The S and P 500 futures have broken a recent uptrend line. The cash market closed just at the trend line support.
The indicator I’m using is John Carter’s proprietary squeeze indicator, which shows the quality of the price action– in this case slowing or moving downwards. For the past year, any time the indicator turns red, we have a buy point that also corresponds to increased volatility and greater intraday price swings.
One could have set up for this move last week when the indicator turned dark blue by selling a S and P 500 future and buying a Dow futures contract. The futures pair trade provides about the equivalent of short 100 shares of SPY (the S and P 500 ETF). This is a hedged hedge, as it were. By buying a Dow future against the short S and P position, one can remain in the trade longer (that is, without terrible worry that the short position will blow up and present an unacceptable loss).
A move to 1850 will probably signal to me a good moment to close the position. Hopefully, the market will continue to rise after such a pull back.
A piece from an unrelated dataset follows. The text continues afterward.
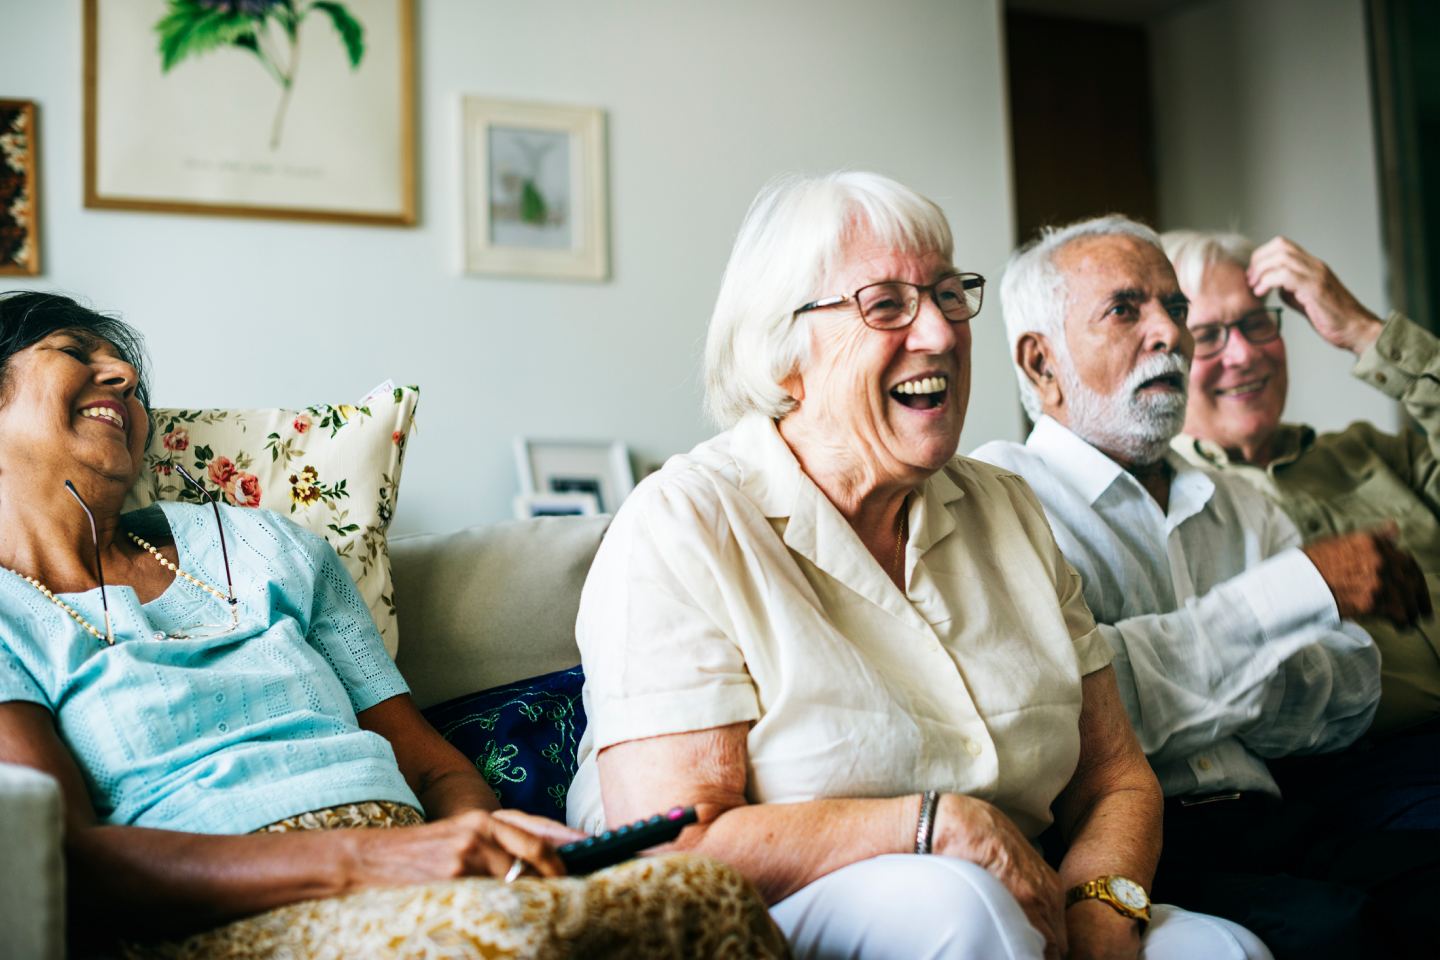 Group of retired people laughing on a couch

Should the market become unstable, as during the summer of 2011 and the Republican lead attempt to force debt ceiling concessions, options sellers have the best opportunities to cash in on quickly rising and falling volatility (i.e., options pricing). One can notice that the market hit its low point when it touched the long-term channel line support. Will such trend lines continue to work in the future? It depends on the collective actions of traders and large fund managers.